(Exercise): All of the listing is to be written out word for word, with the pictures left out.

[Opening Given material section]

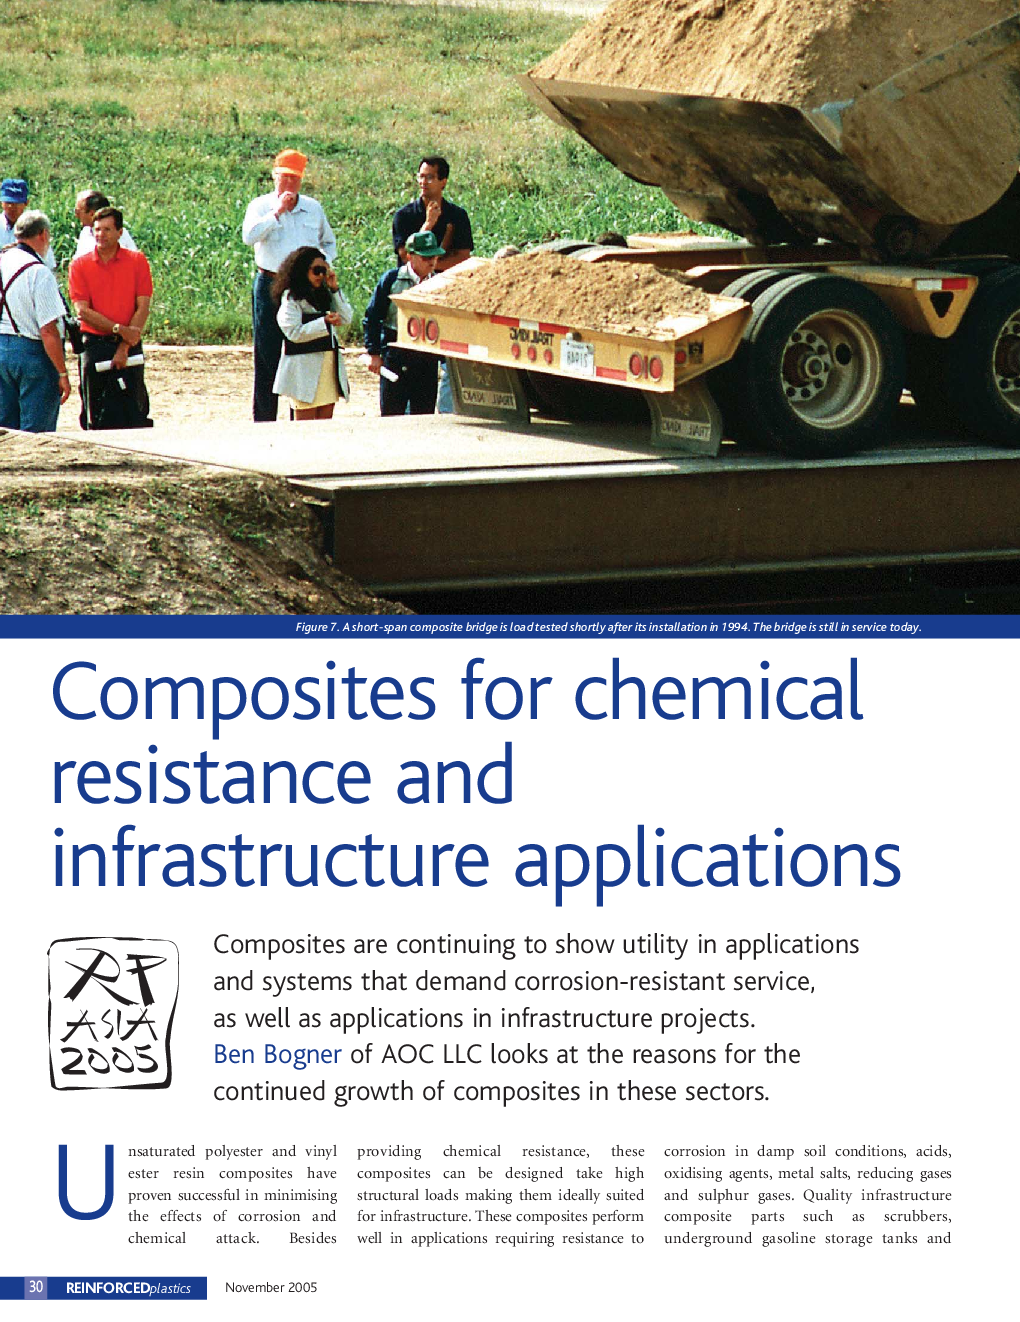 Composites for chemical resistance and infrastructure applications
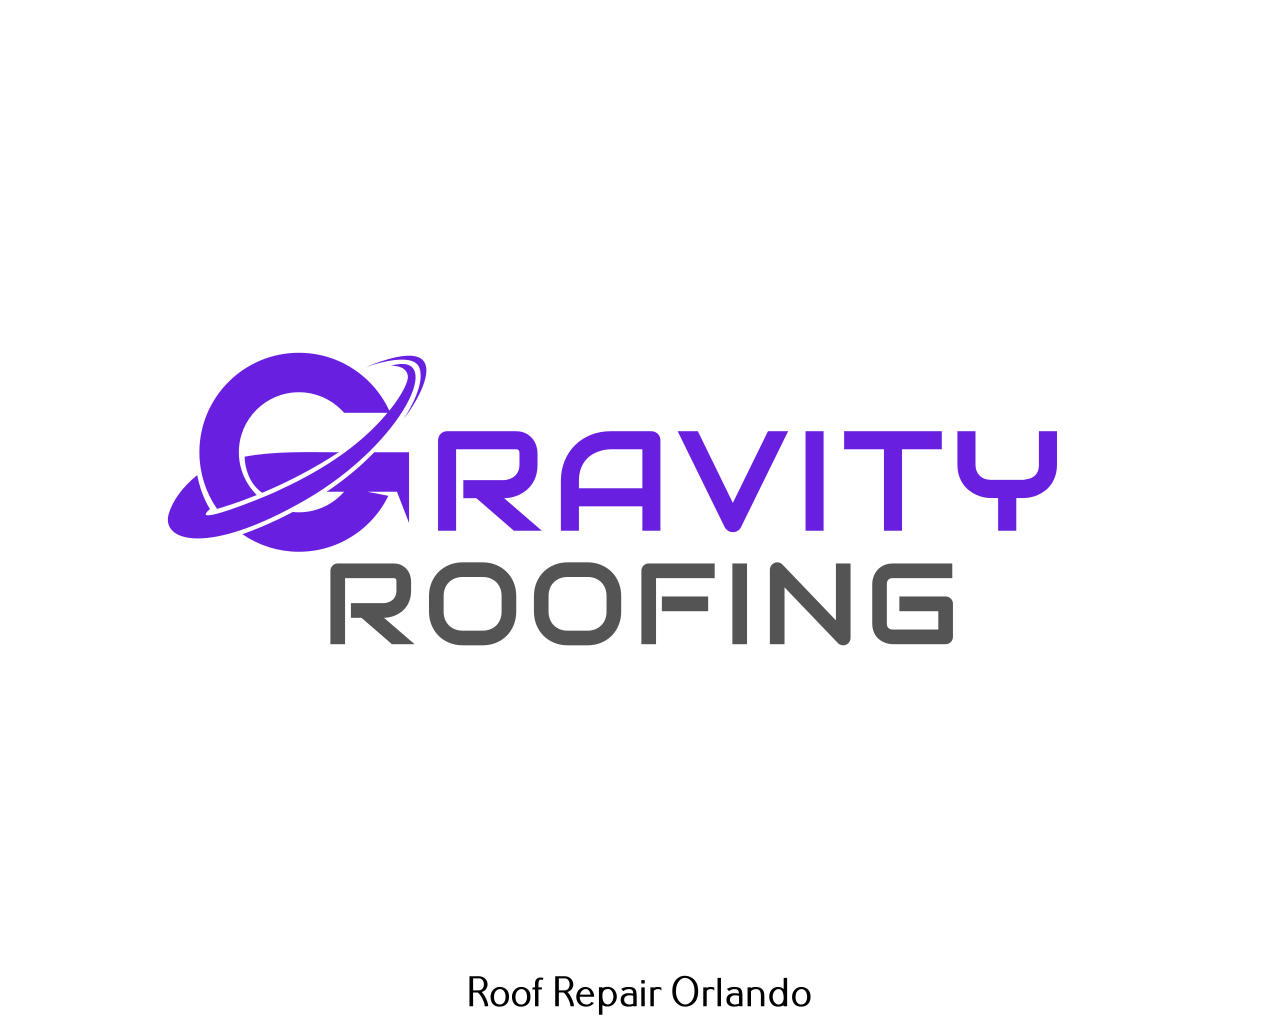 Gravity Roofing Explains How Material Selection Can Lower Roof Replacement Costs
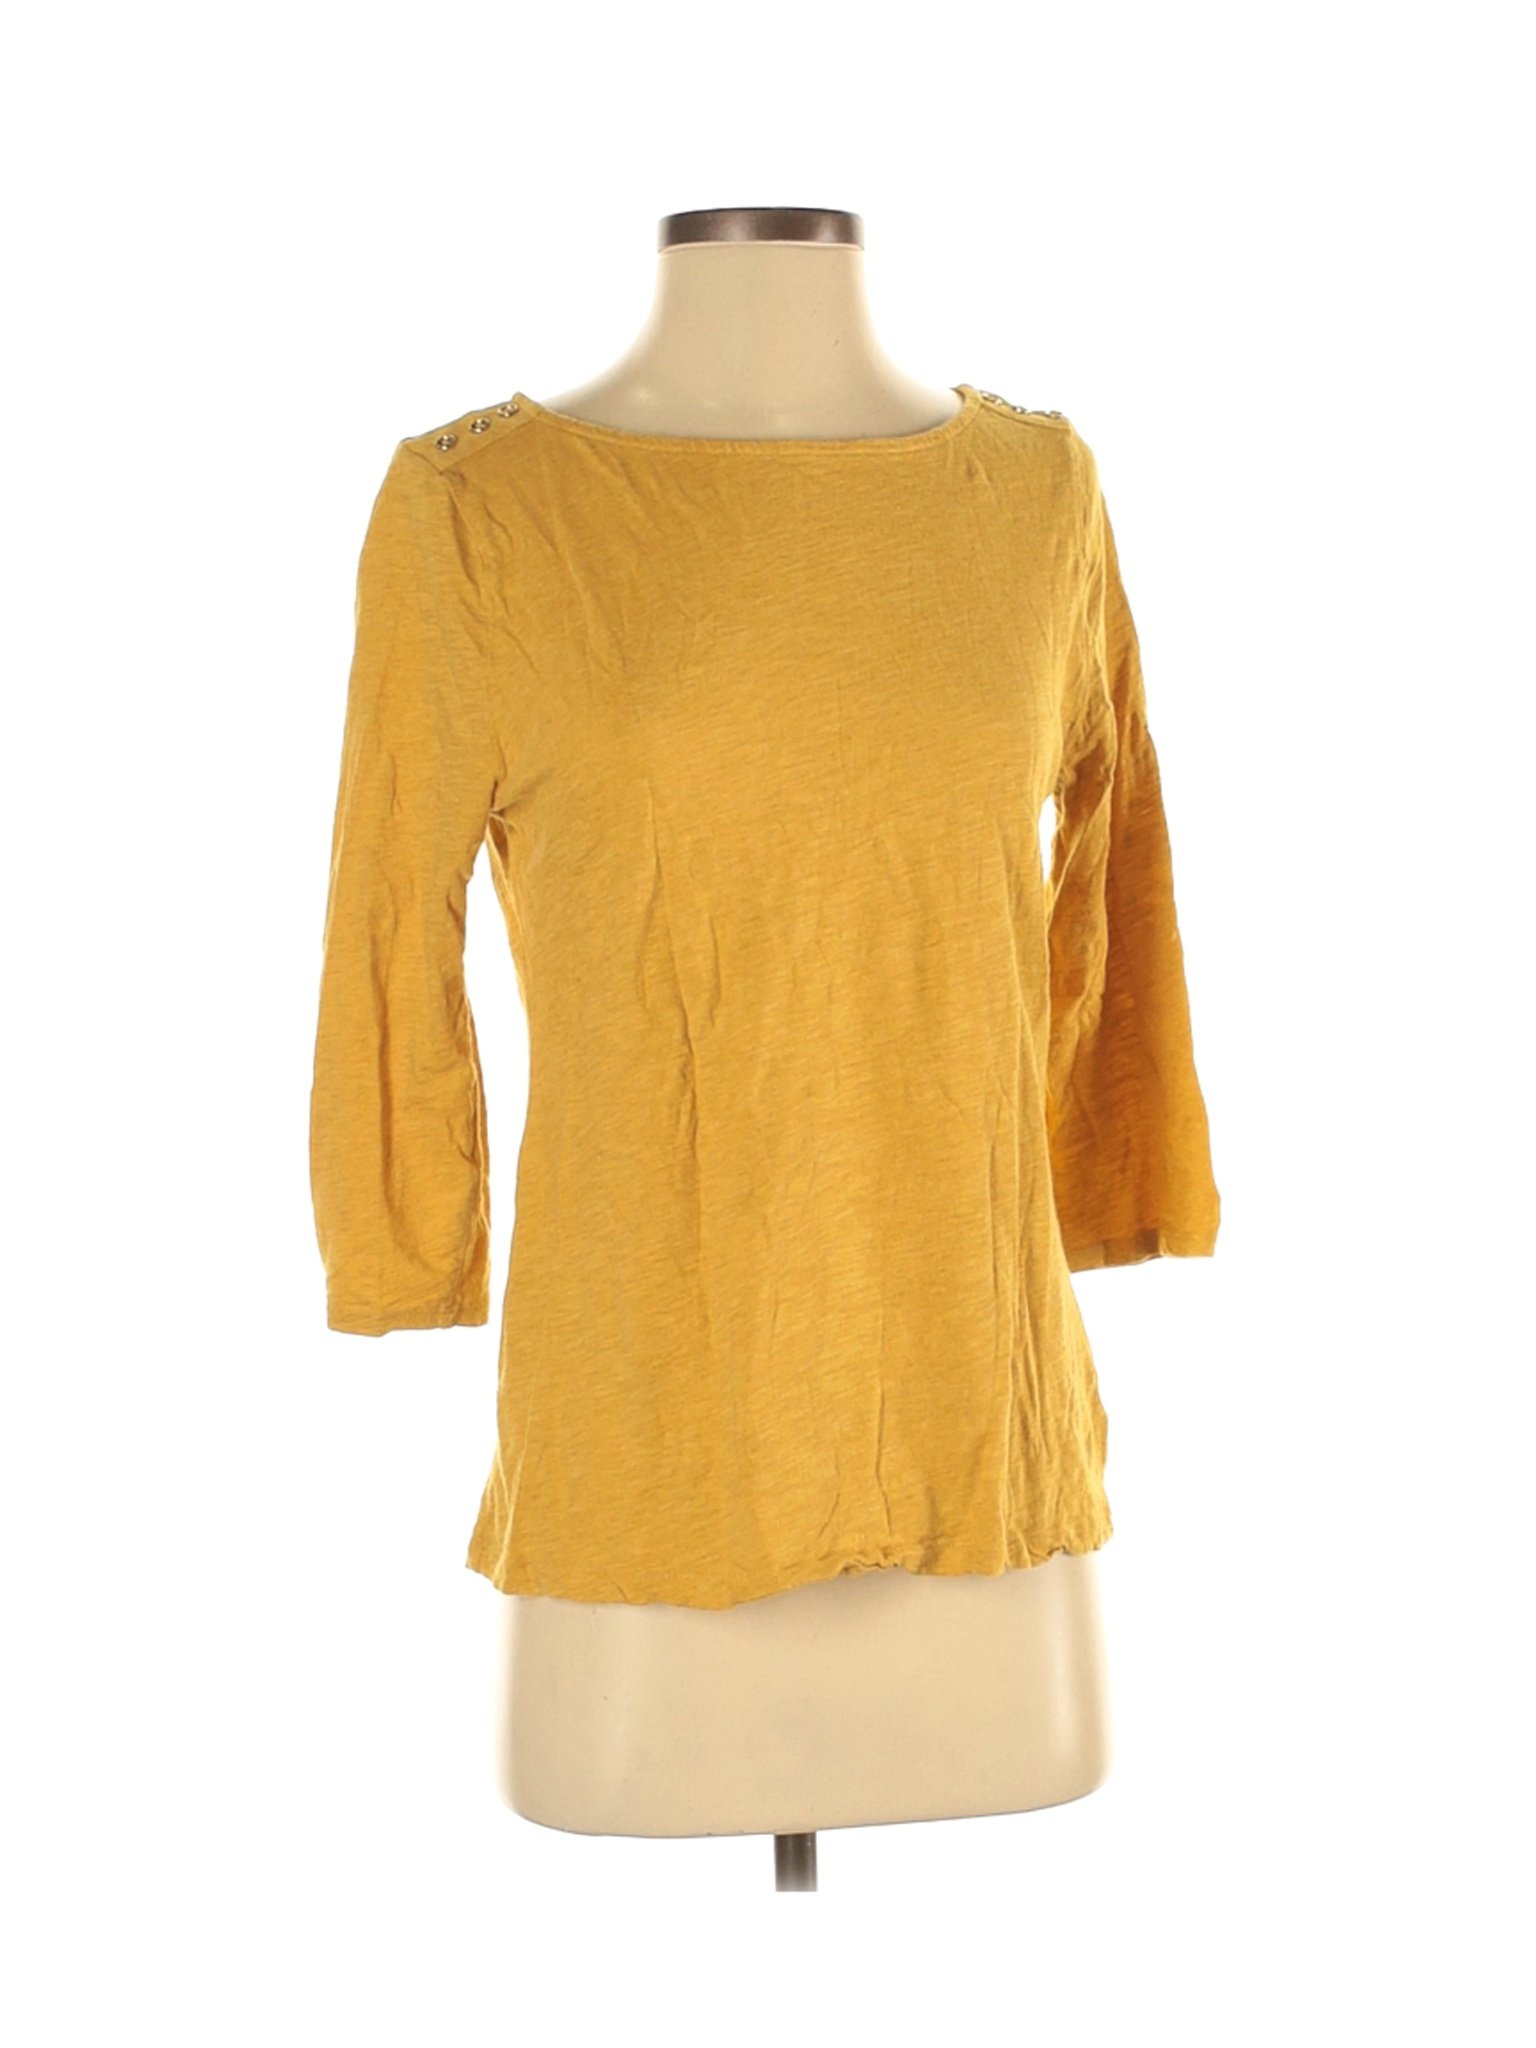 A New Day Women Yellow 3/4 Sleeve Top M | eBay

[Closing Given material section]

(Solution below):
 Composites for chemical resistance and infrastructure applications
 Gravity Roofing Explains How Material Selection Can Lower Roof Replacement Costs
 A New Day Women Yellow 3/4 Sleeve Top M | eBay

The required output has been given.